Da old man said"Don't expect any change in quality. Oh no.
Do you think I'll be any better because I write less?
No, it's going to be as poorly done as ever."


Thank goodness there won't be any change, if we got quality, what would we do? (ha ha giggle giggle snort)

Look forward to hearing your phony names soon. Some of mine are Anita Mann, Mike hunt and Anastasia Beaverhousen.

Ya know I loves ya in a manly sort of way.:)

Da Old Man said...

@ Bchbear: I'm not that creative. Mostly just weird names, ones that don't go together.

Anonymous said...

It's quality, not quantity that counts!

You got to pace yourself and don't let the bastards, I mean, dear readers, wear you down!

HawgWyld said...

A cemetery attached to a high school? Really? What, when, where, how and who?
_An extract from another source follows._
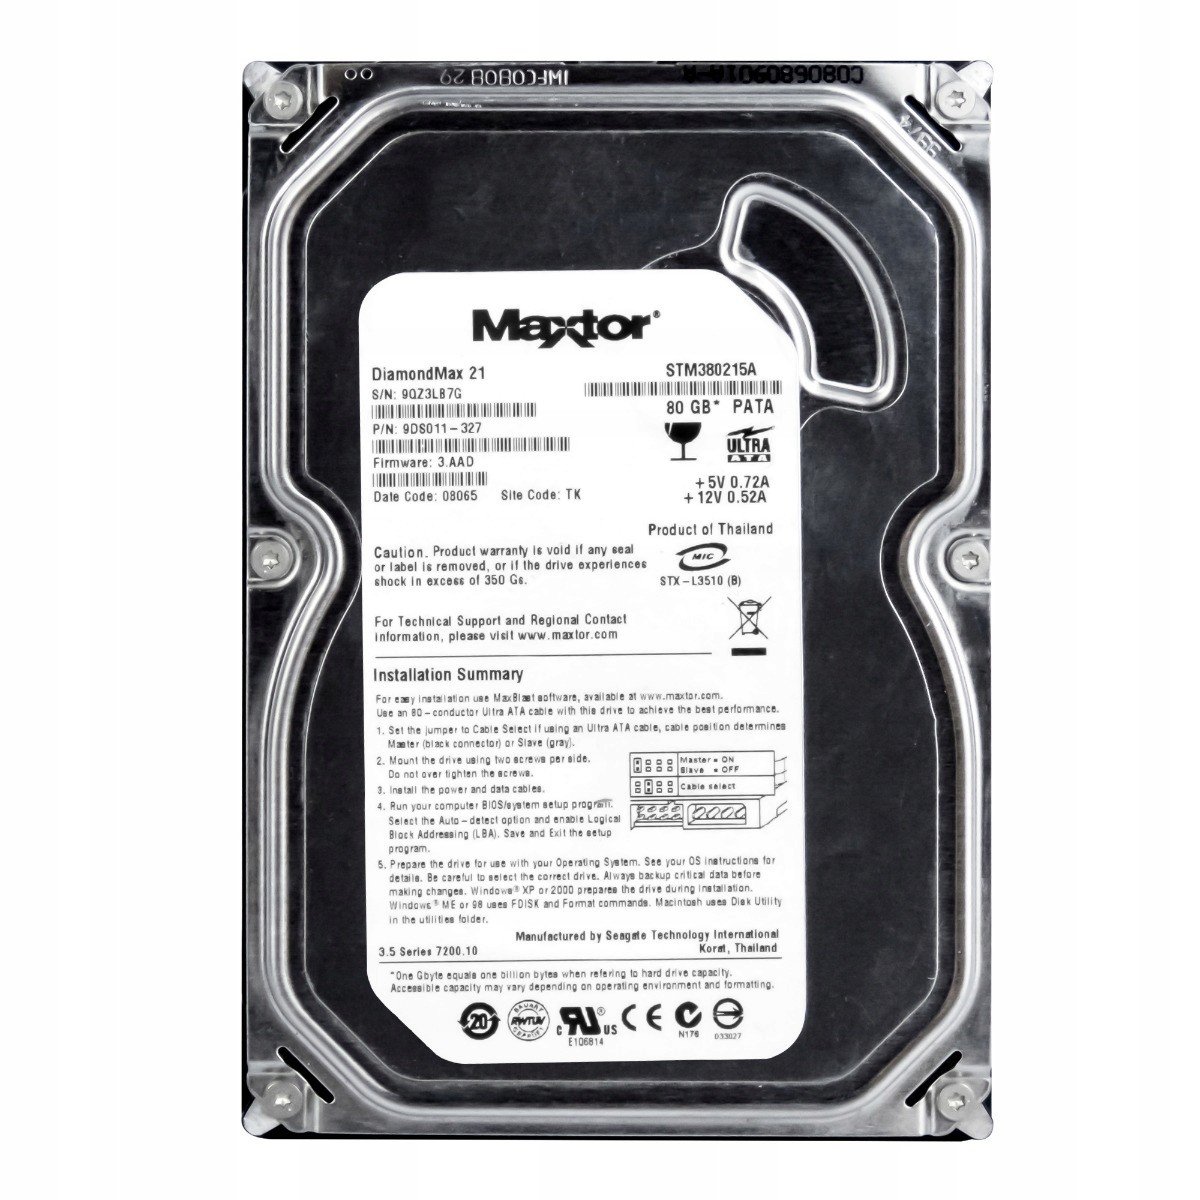 Maxtor DiamondMax 21 80GB 7.2K Ata 3.5' STM380215A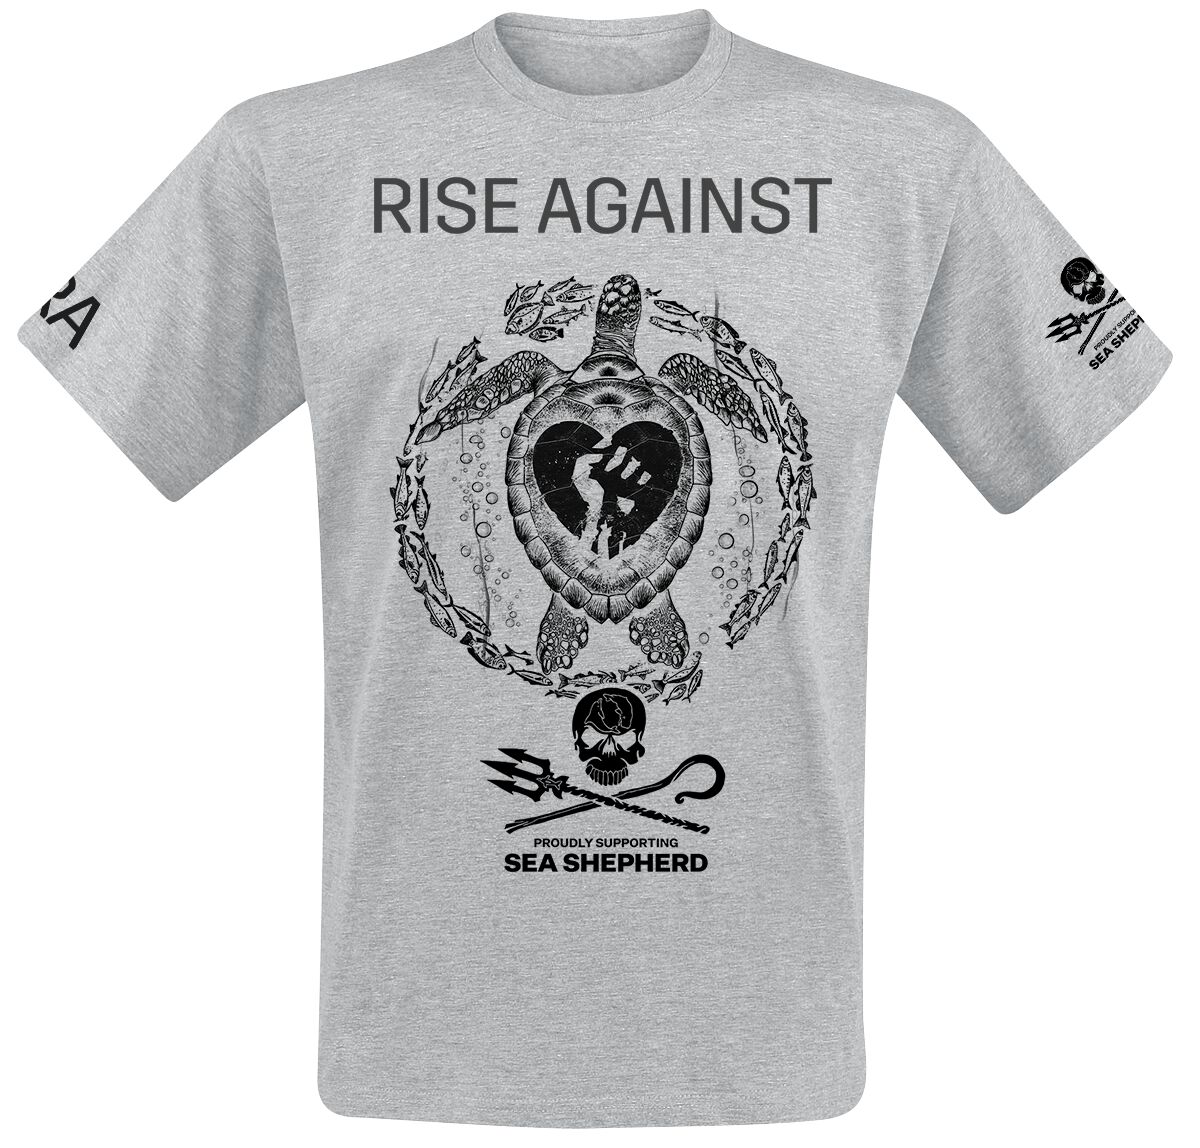 Rise Against T-Shirt - Sea Shepherd Cooperation - Our Precious Time Is Running Out - S bis 3XL - für Männer - Größe L - grau meliert  - EMP exklusives

Looking forward to reading about that...

Visit the Natural State Hawg

Da Old Man said...

@ Tiggy: I refuse toproduce anything but the lowest in quality. I leave the good stuff up to talented writers like you.

@ The Hawg: I always thought every high school had its own cemetery. That's probably why no matter how many teaching positions I applied for (and never got a second interview, BTW) they always looked at me funny when they asked if I had any questions, and I asked where was their cemetery. Who says blogging doesn't make one smarter?

Anonymous said...

In this world, run out of content.. you.. good gracious, I know that wouldn't happen!